Your objective:
The answer is the full listing below, copied exactly, with its pictures omitted.

Stored data:
════════════════

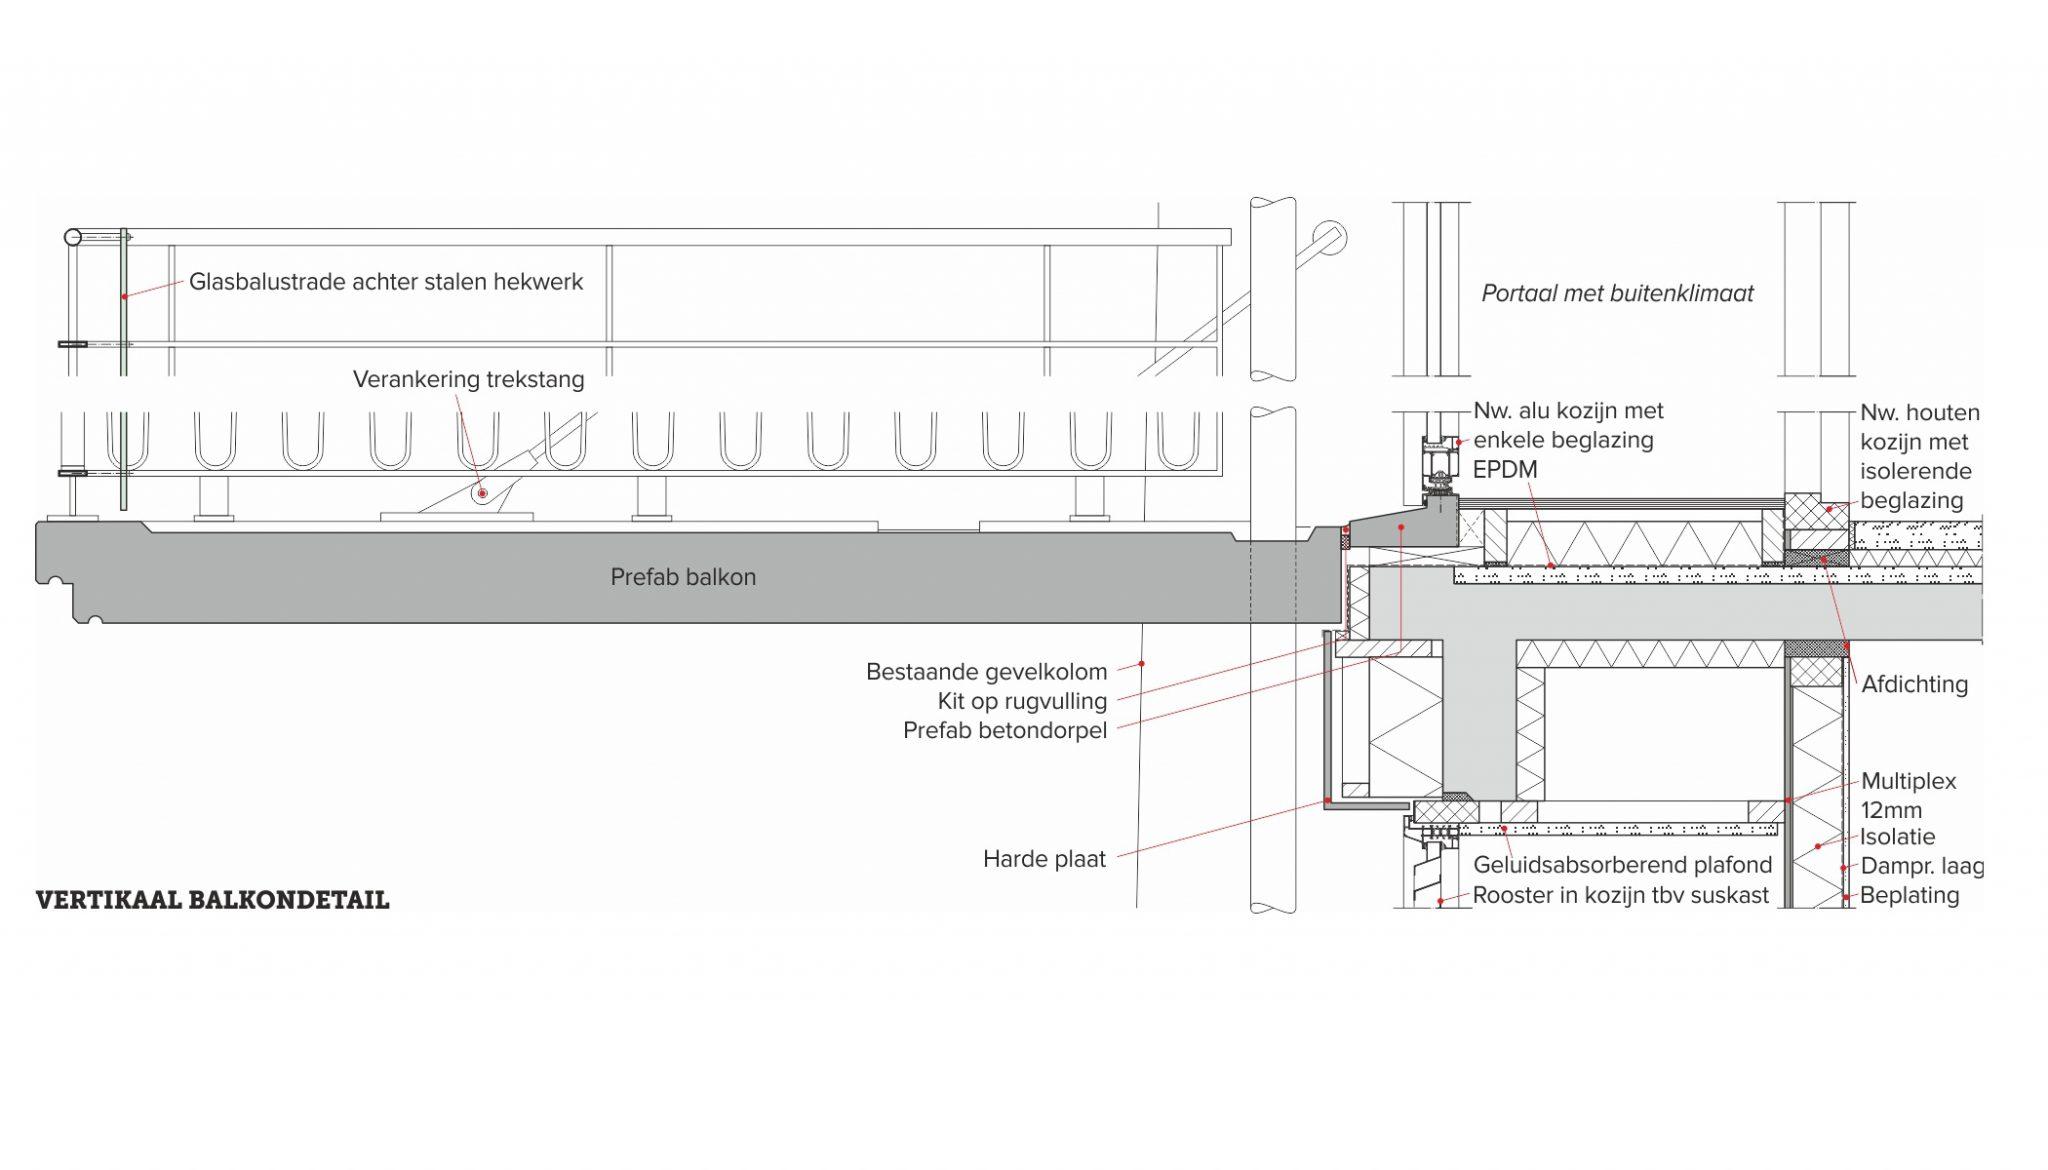 balkonconstructie, detail van de dag
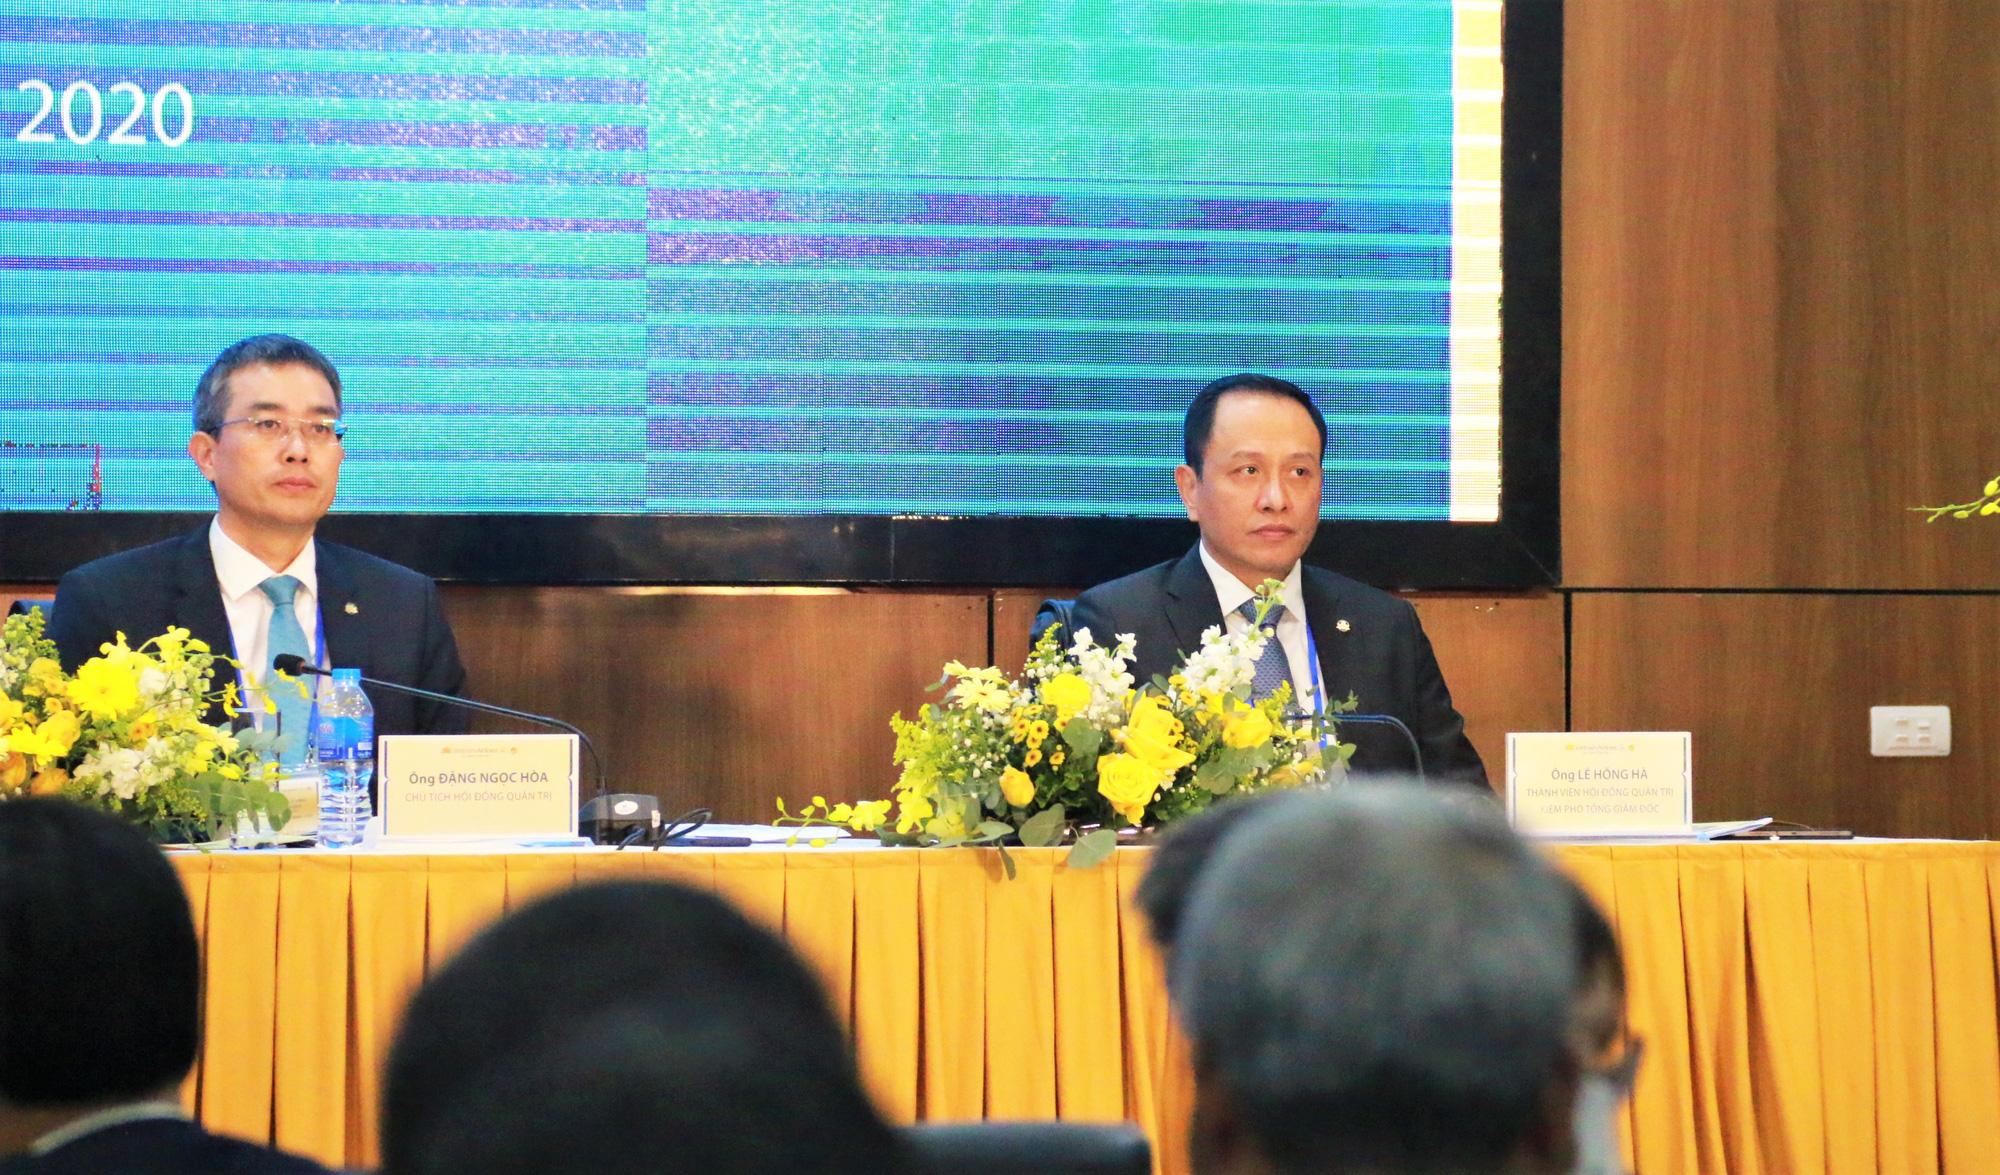 Lãnh đạo và nhân viên Vietnam Airlines sở hữu bao nhiêu cổ phiếu HVN? - Ảnh 1.
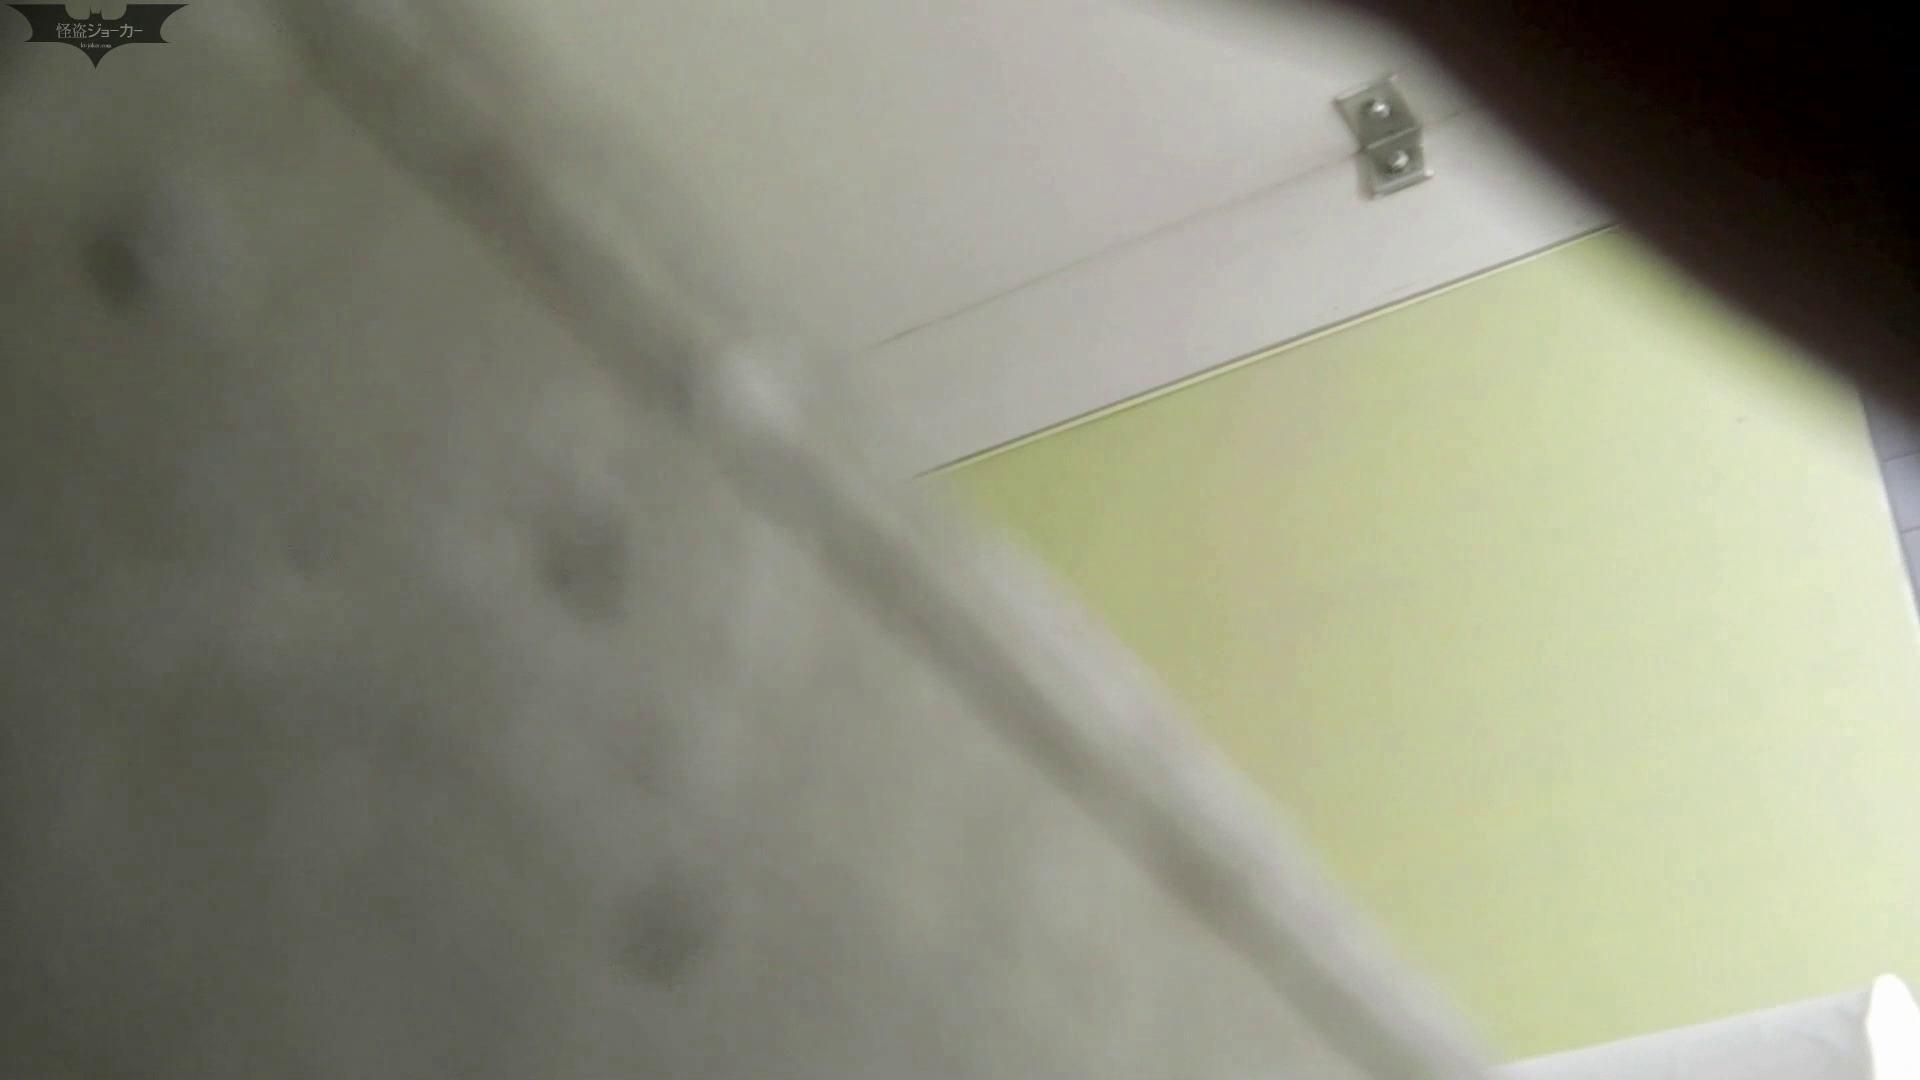 洗面所特攻隊 vol.64 運動不足?繊維不足?いやいや水分不足? 洗面所 | 色っぽいOL達  102pic 55

════════════════

Output for this exercise:
 balkonconstructie, detail van de dag
 Lãnh đạo và nhân viên Vietnam Airlines sở hữu bao nhiêu cổ phiếu HVN? - Ảnh 1.
 洗面所特攻隊 vol.64 運動不足?繊維不足?いやいや水分不足? 洗面所 | 色っぽいOL達  102pic 55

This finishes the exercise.